Через некоторое время настала осень. Деревья пожелтели, полысели, было пасмурно, лил дождь… В открытке, брошенной сегодня в мой почтовый ящик, написано «Выставка-аукцион Памяти Серафима Лаврова». Это имя Мольберта, но для такого человека, как Мольберт, это чересчур высокопарно, в контексте недавних событий банально, а если учесть его пристрастие к французскому экзистенциализму - просто кощунственно. Держу пари, что все двадцать пять картин будут проданы по бешеной для него цене. Две-три статьи критиков, работающих на подхвате, у всех на глазах пройдут по первым полосам и канут за Мольбертом в забвение. А, в сущности, Изящным Искусствам есть ли дело до того, что один неудачник умер от передоза? Очень много будут говорить о наркотиках, как об источнике вдохновения Мольберта, но Ван Гог писал не потому, что пил абсент, а потому, что обезумел, ибо творчество - это издевательство над свободным человеком его собственного ума, это добровольное заключение всего, что ты любишь, в четырехугольную тюрьму картинной плоскости посредством ограниченных возможностей художественного материала. При чем здесь ЛСД и самоубийство? Но - о, я знаю этих необоримых идолопоклонников, падких на пошлых трюкачей, типа Мольберта! - им удалось замкнуть порочный круг, в центре которого двадцать пять пресловутых картин, предназначенных для продажи.

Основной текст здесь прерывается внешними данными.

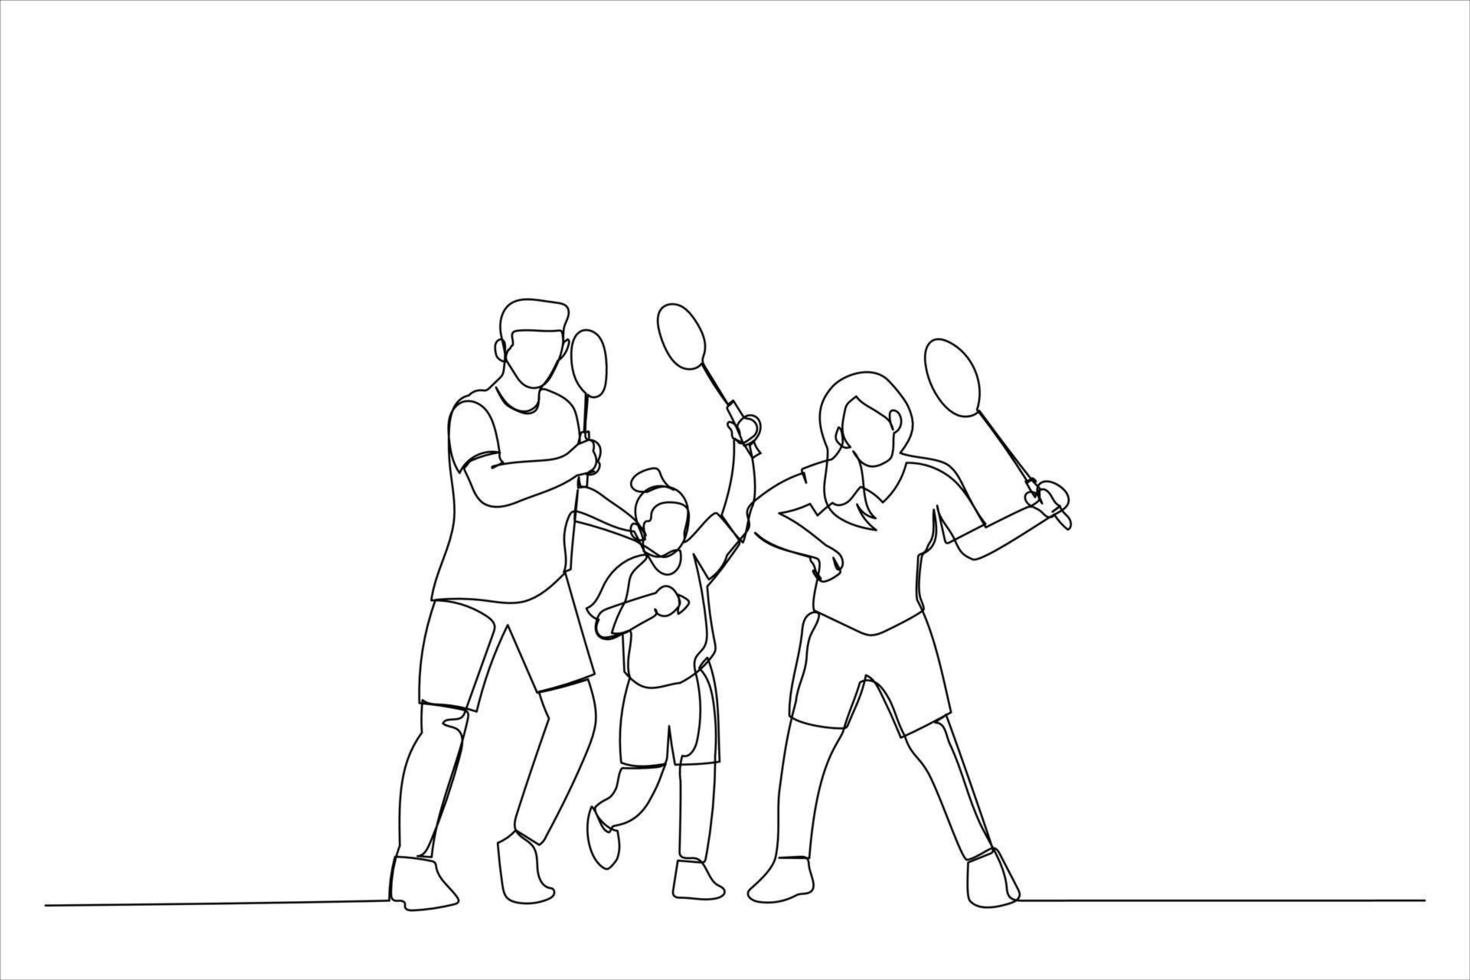 dessin de famille avec raquettes de badminton et volant. dessin au trait continu unique vecteur
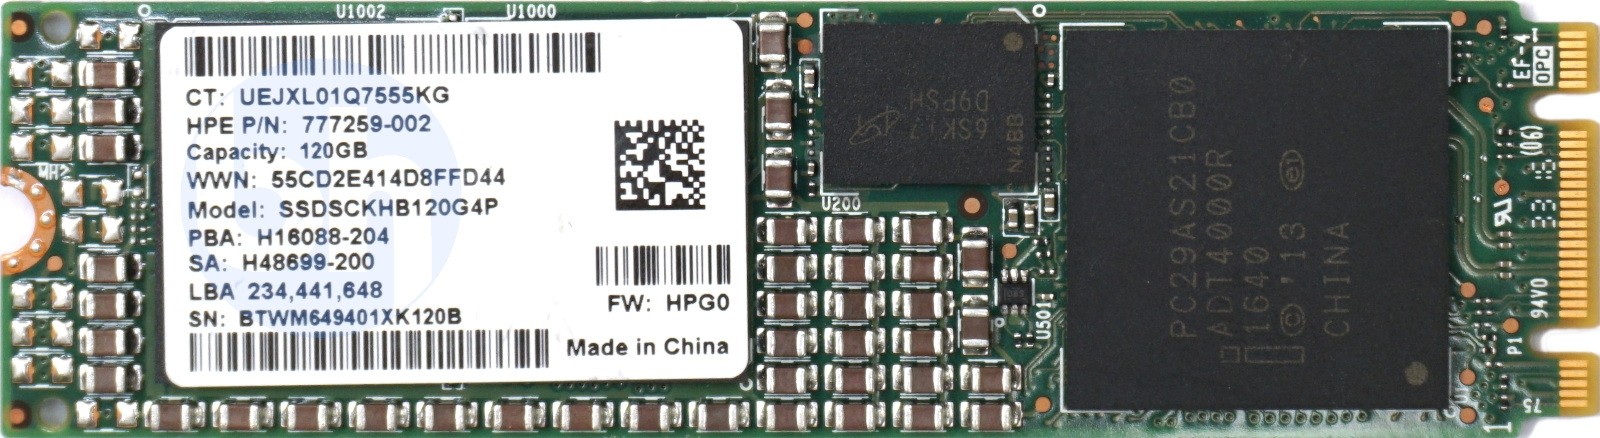 HP (777259-002) 120GB SATA (M.2 2280) Enterprise SSD

…дед встает и медленно идет к воротам…
Конечно, в центре всегда не Вечность, а Время с его обычной суетой, нуждами, заботами, деньгами, людьми, в конце концов, - с их пустяковым трагизмом существования и пафосным катарсисом. История христианства, блин… но что он такое, этот Мольберт, без своих картин, кроме того, что он человек? Что для Вечности его белковое существование?..
- Подождите! - кричу я внезапно деду, плетущемуся прочь.
Он исчезает за воротами, даже не вздрогнув от моего пронзительного крика, из чего ясно, что дед глухой.